• December 4, 2023
  • Esther Shukurani
  • 0

The Senate Finance Committee seek to know from the Central Bank of Kenya whether it had instituted a lending detection system and whether as the regulator, they had taken action on the entities abusing the laws as concerns arise over digital lenders offering loans at high interest rates.

This comes after reports that most of the lenders are unregulated putting millions of unsuspecting members of the public at risk.

“We realise that the DCP were not really consumer friendly that is why we brought them under CBK, we have license 32 quite a number a remaining,” CBK Governor Dr Kamau Thungge stated.

The CBK told the committee that they will submit a report within fourteen days detailing an audit of the digital lenders and steps taken on the entities that are violating the law.

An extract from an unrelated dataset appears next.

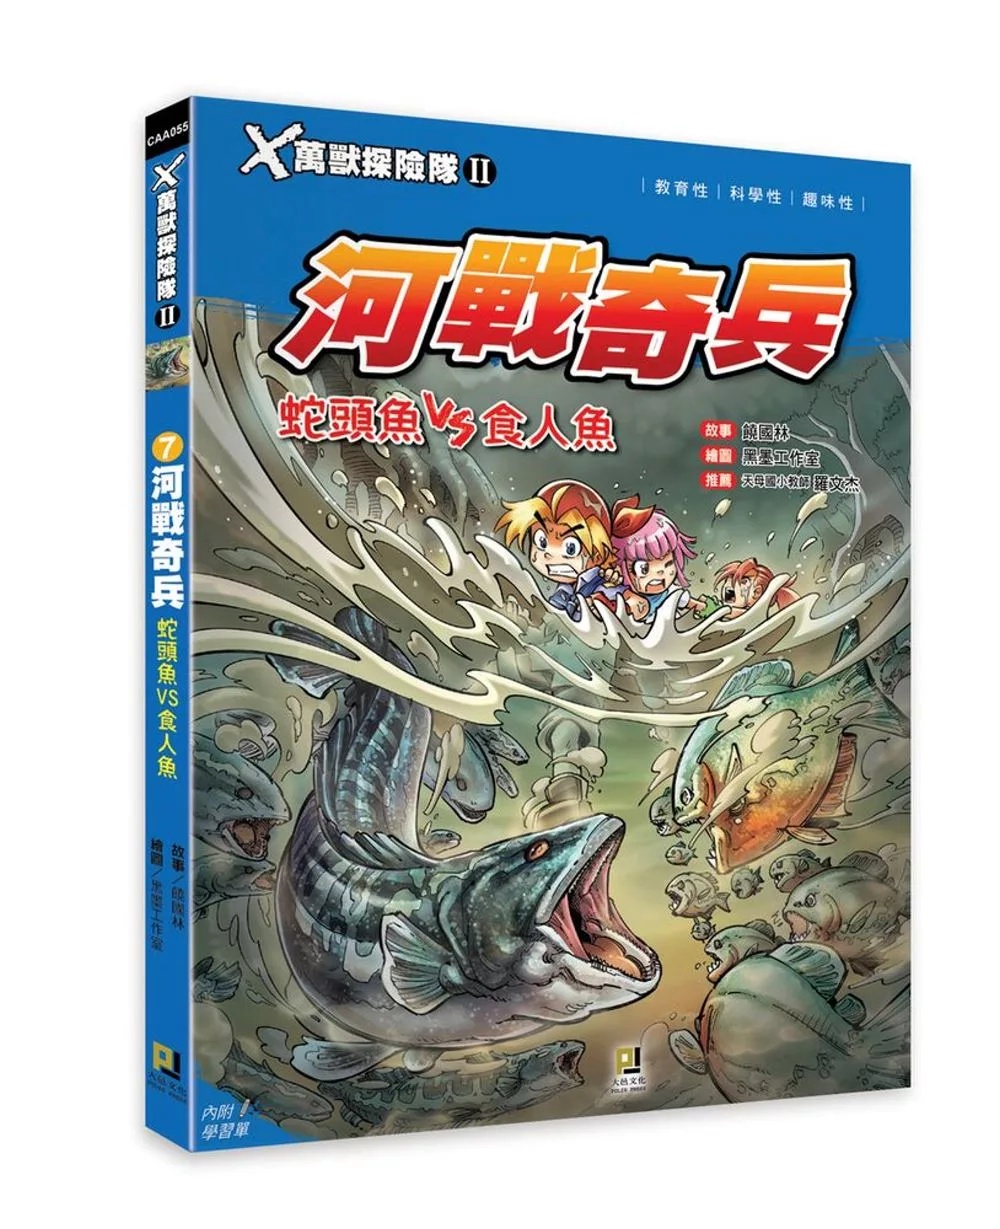 X萬獸探險隊Ⅱ：(7) 河戰奇兵 蛇頭魚VS食人魚(附學習單)

The CBK governor also tackled the issues of the Kenya Shilling against other currencies.

“In January we expect 682 million dollars to come from the IMF, we also have some funds from the trade debt bank in the next two weeks, and we also have funding from AfroExim and World Bank we expect to reduce domestic borrowing, this should lower interest rates, we will see stability in the exchange rate because of external financing,” stated the CBK governor.

The committee is also probing reported cases of collusion between fraudsters and banks resulting in the withdrawal of clients’ money, CBK saying they are reviewing the policy guideline to slap guilty parties with 20 million penalty up from one million shillings.